MATERIAL PROVIDED:
%%

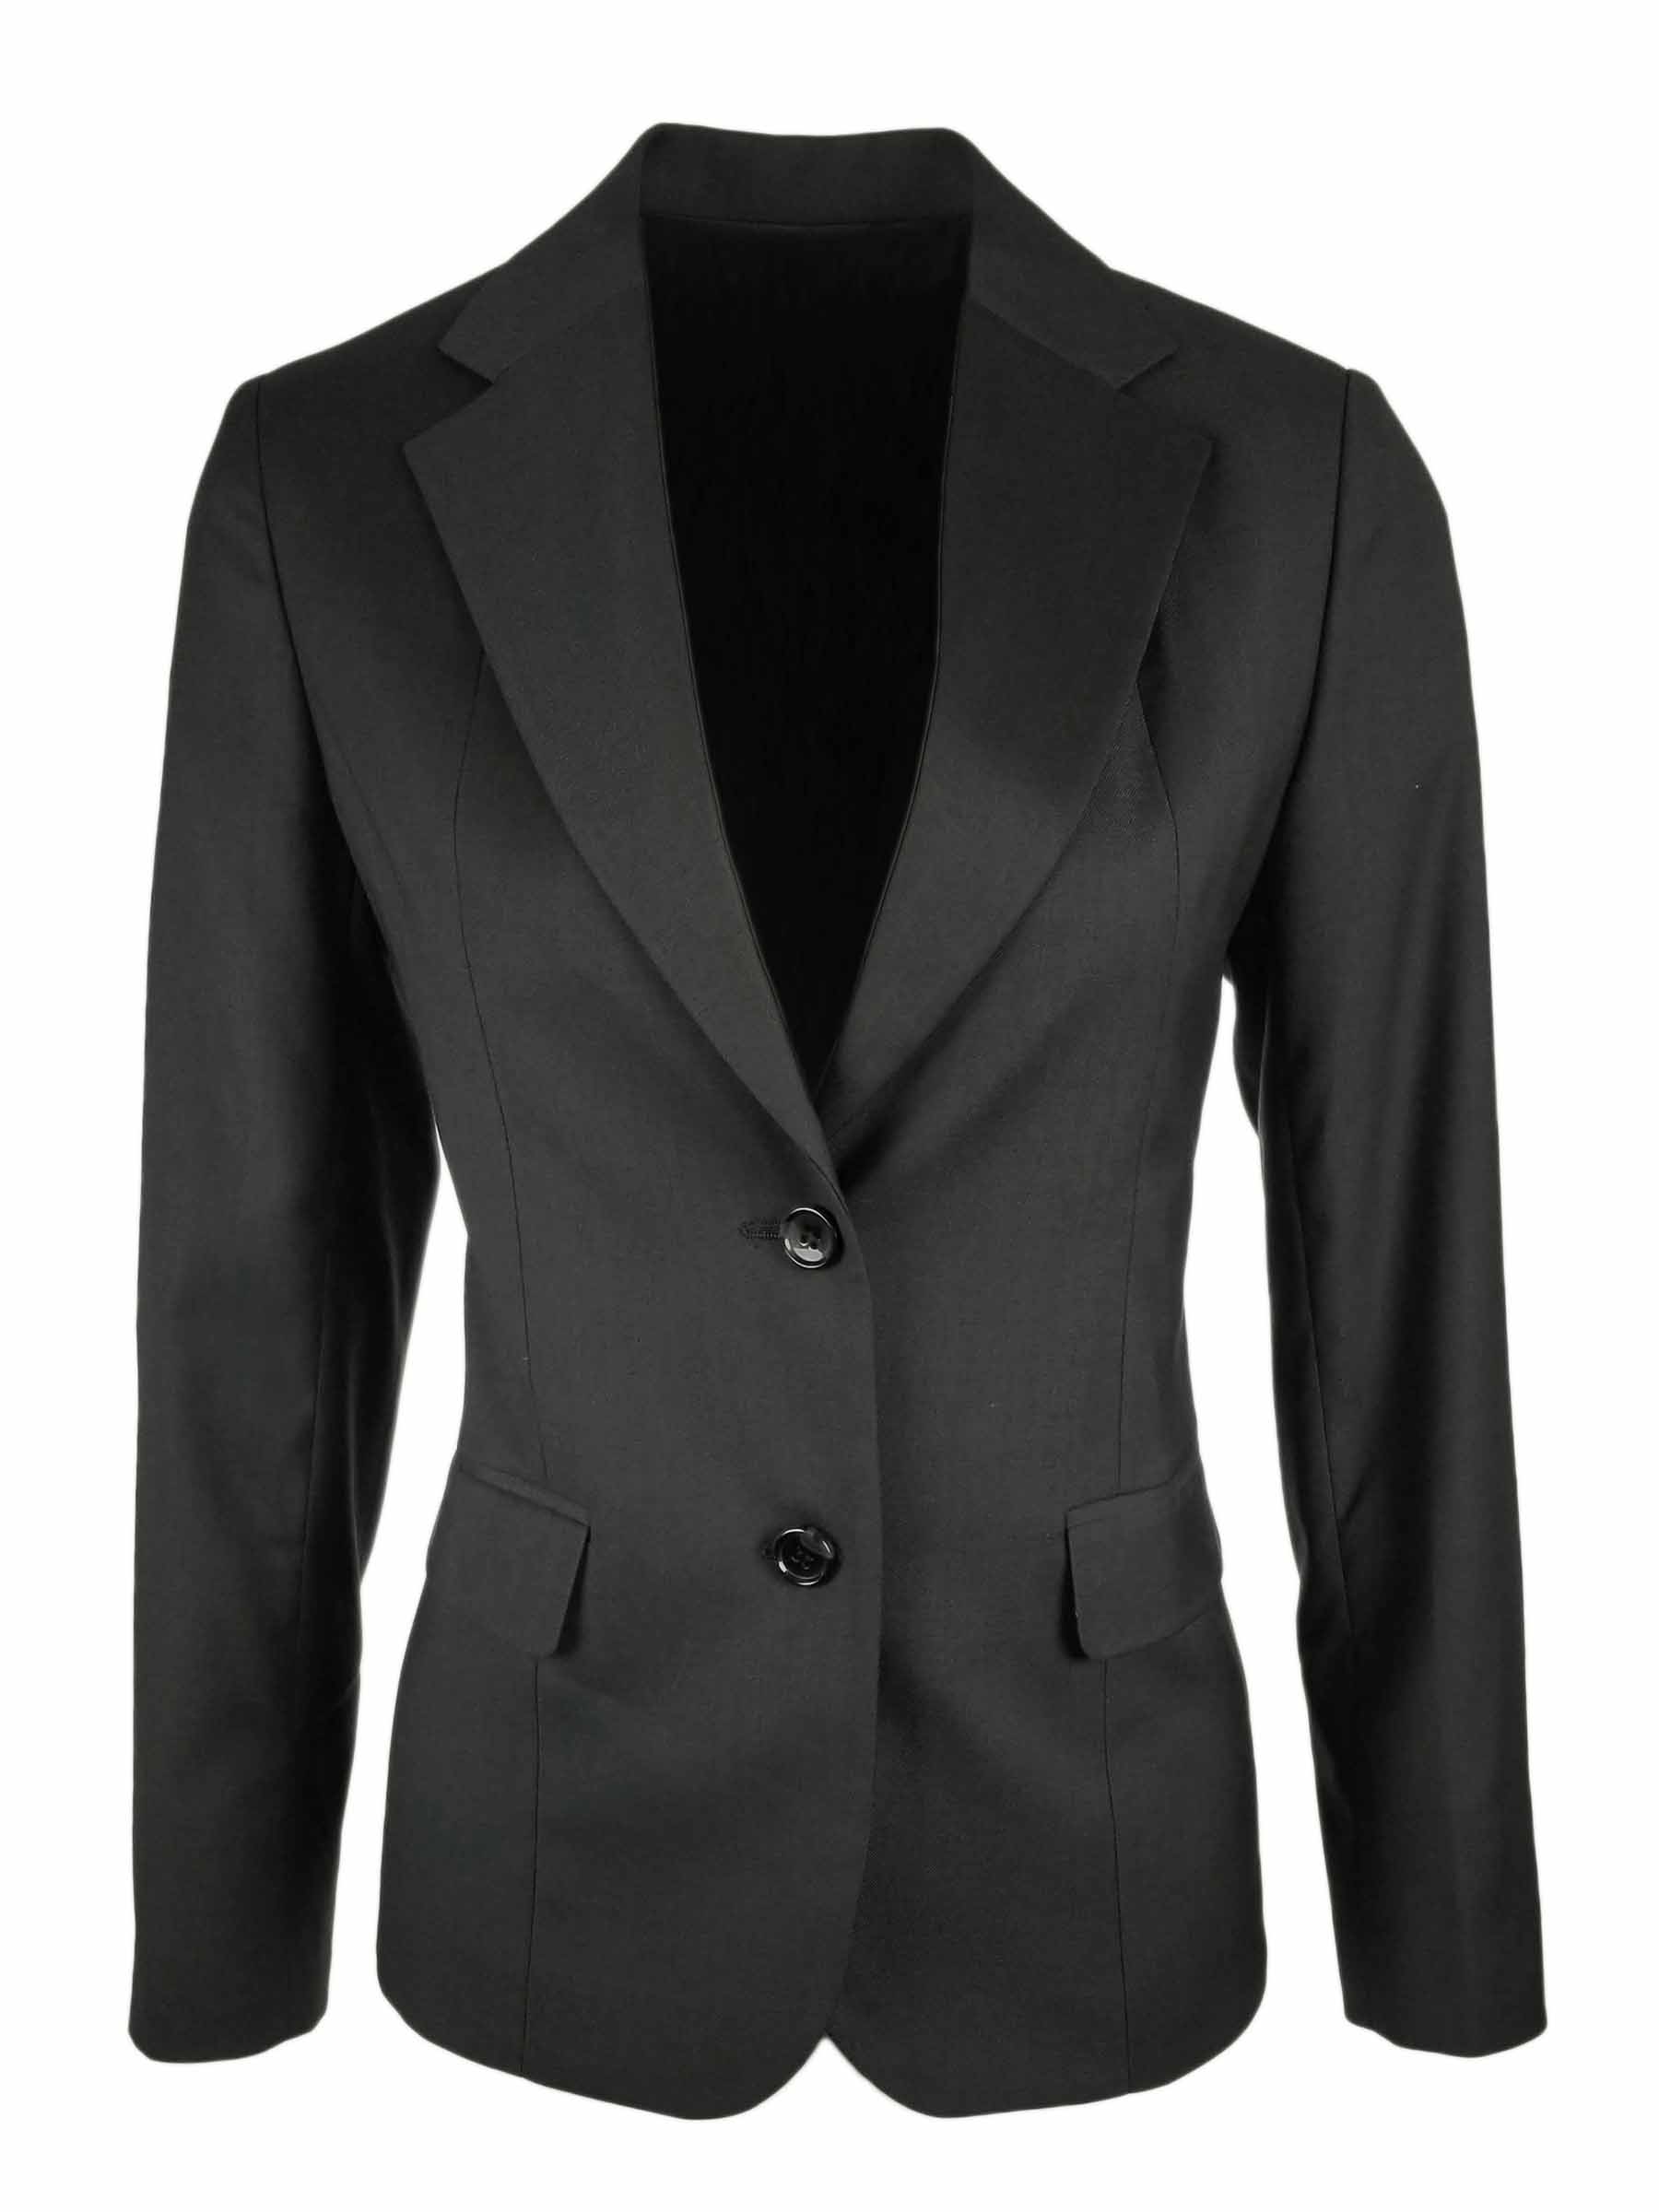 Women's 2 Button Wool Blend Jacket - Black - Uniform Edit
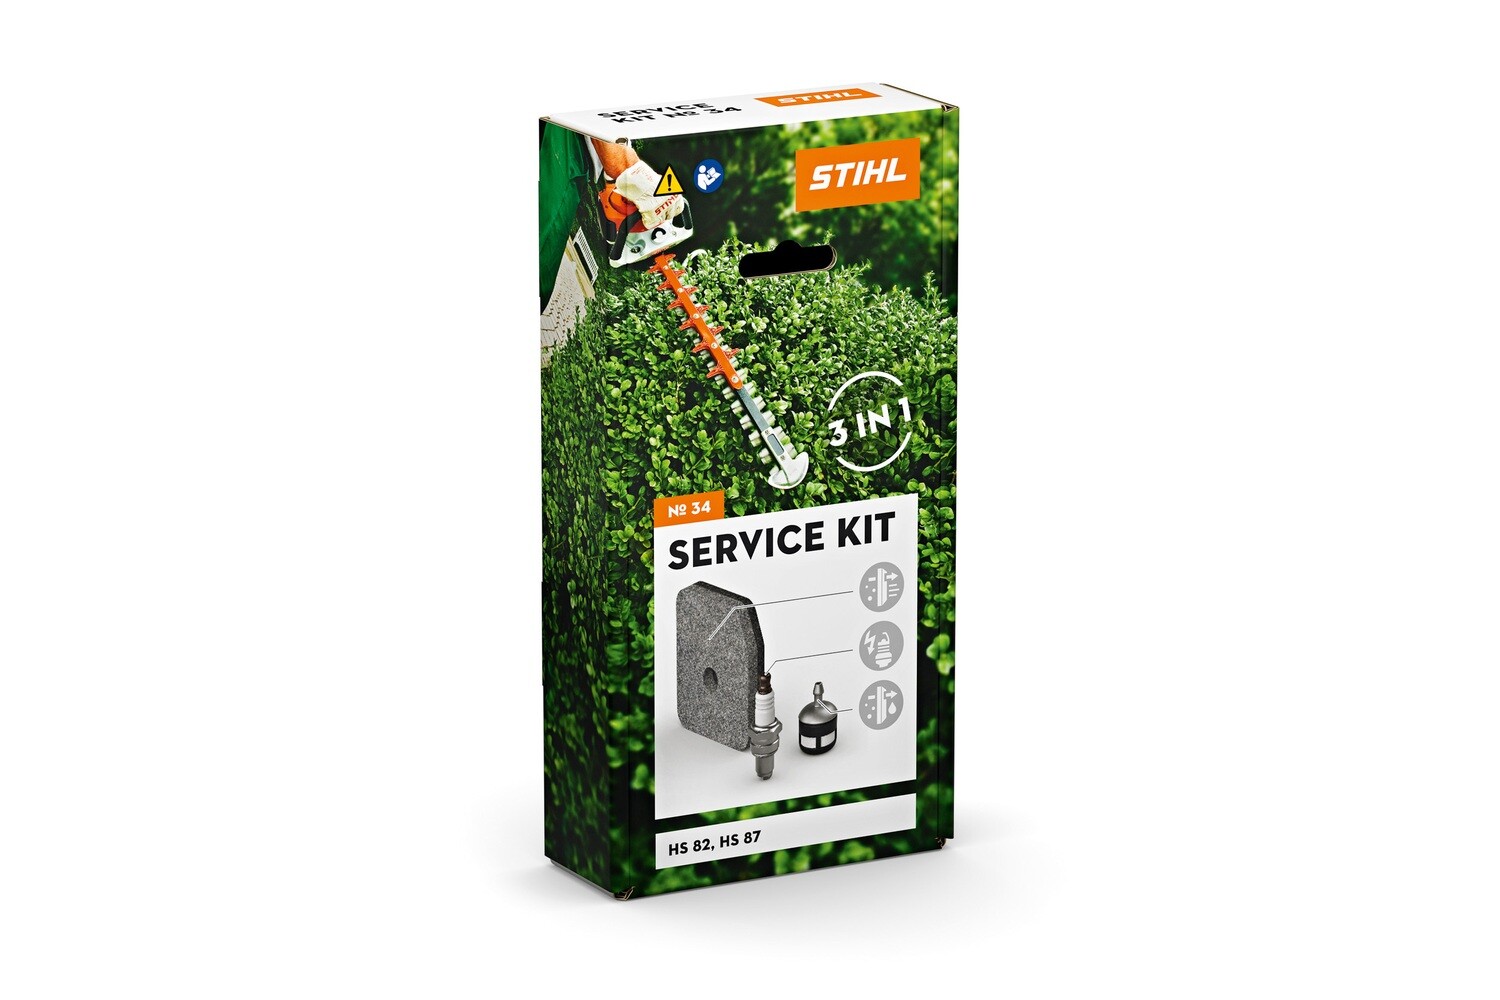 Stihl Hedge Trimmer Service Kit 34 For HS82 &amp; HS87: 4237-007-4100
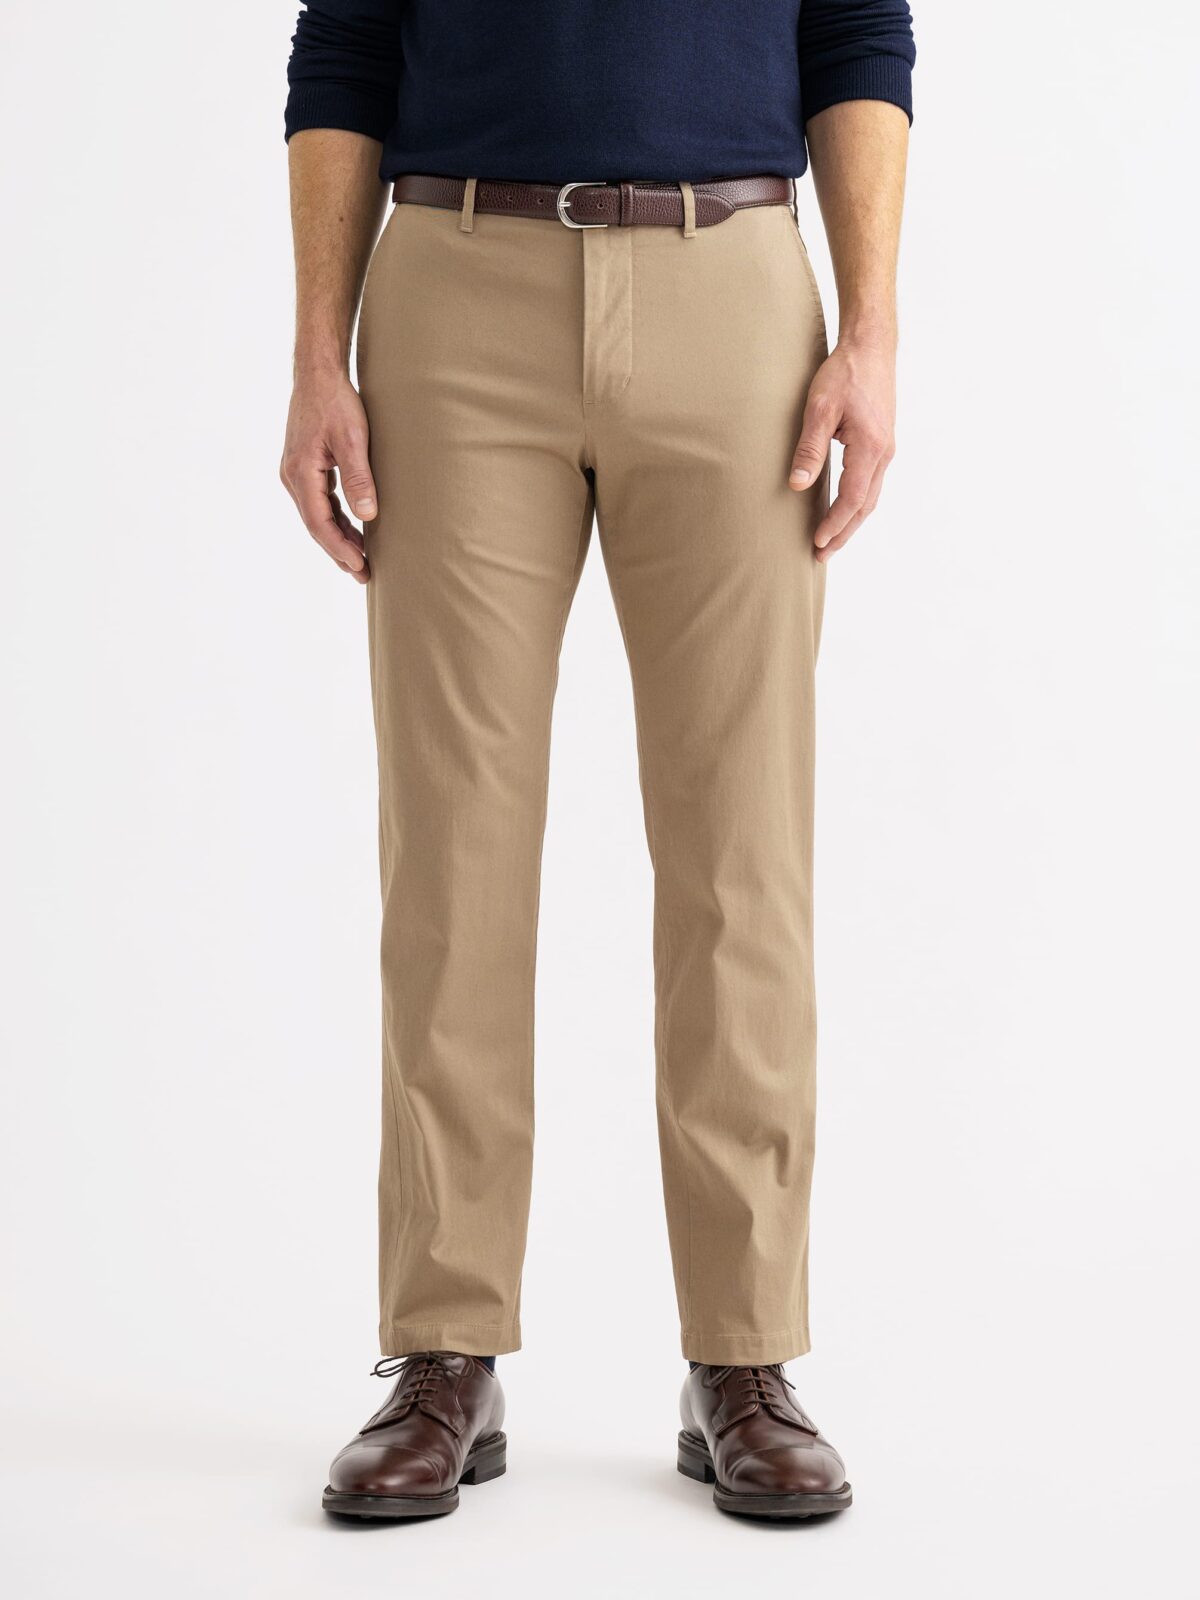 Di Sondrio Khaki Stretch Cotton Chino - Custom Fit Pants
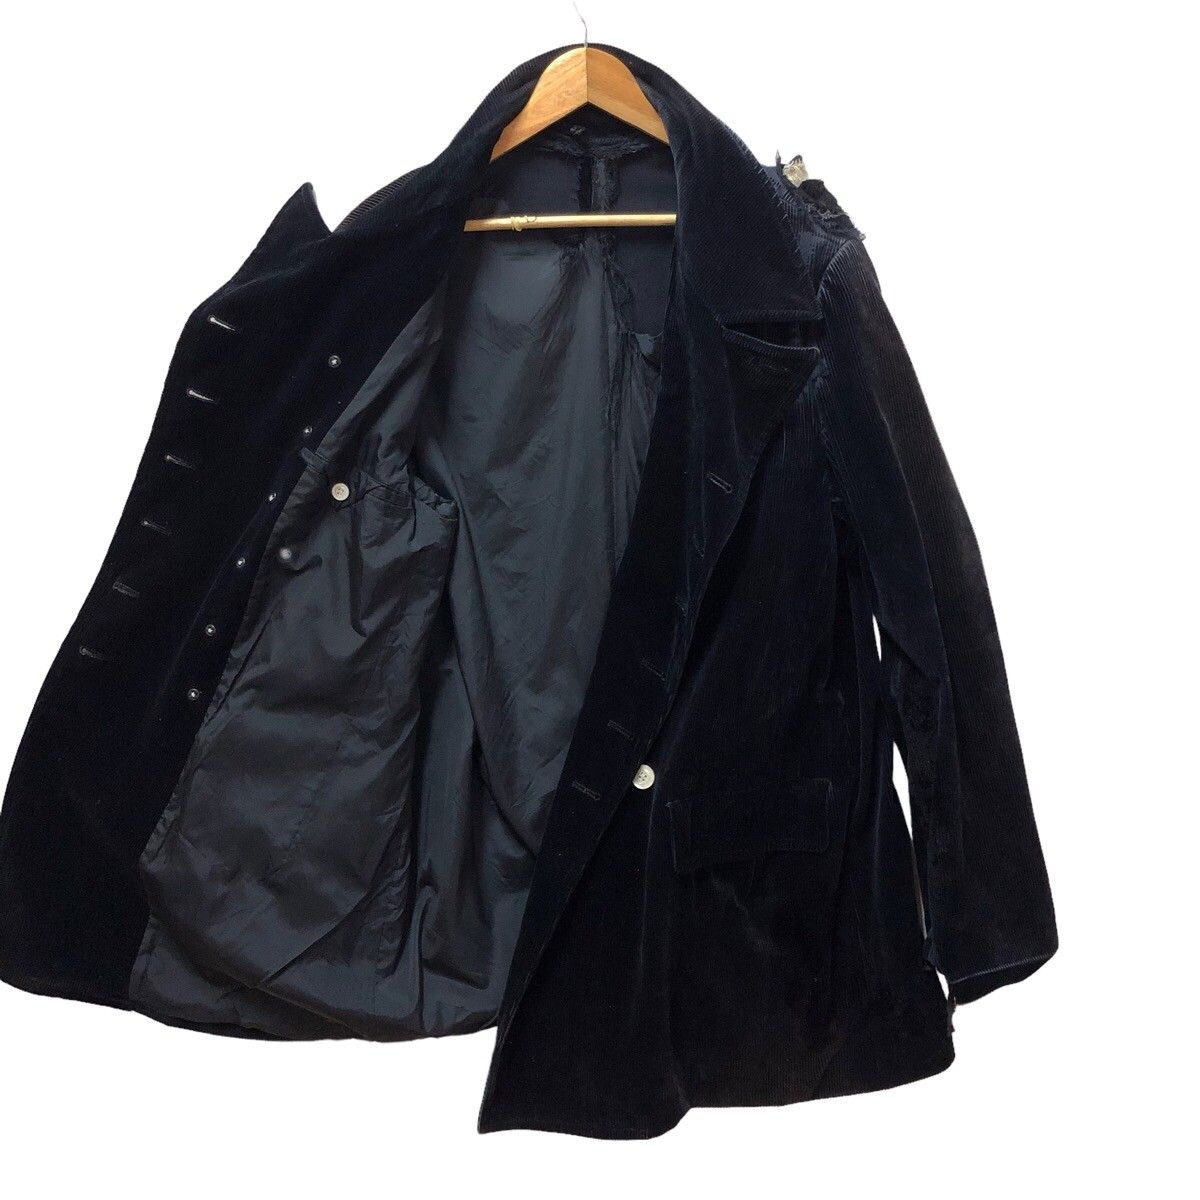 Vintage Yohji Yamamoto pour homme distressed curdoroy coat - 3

%%

WHAT TO DO: From the line containing "Stihl Hedge Trimmer" to the end of the listing, restate each line word for word and nothing more; the pictures stay out.

TASK ANSWER:
 Stihl Hedge Trimmer Service Kit 34 For HS82 &amp; HS87: 4237-007-4100
 Di Sondrio Khaki Stretch Cotton Chino - Custom Fit Pants
 Vintage Yohji Yamamoto pour homme distressed curdoroy coat - 3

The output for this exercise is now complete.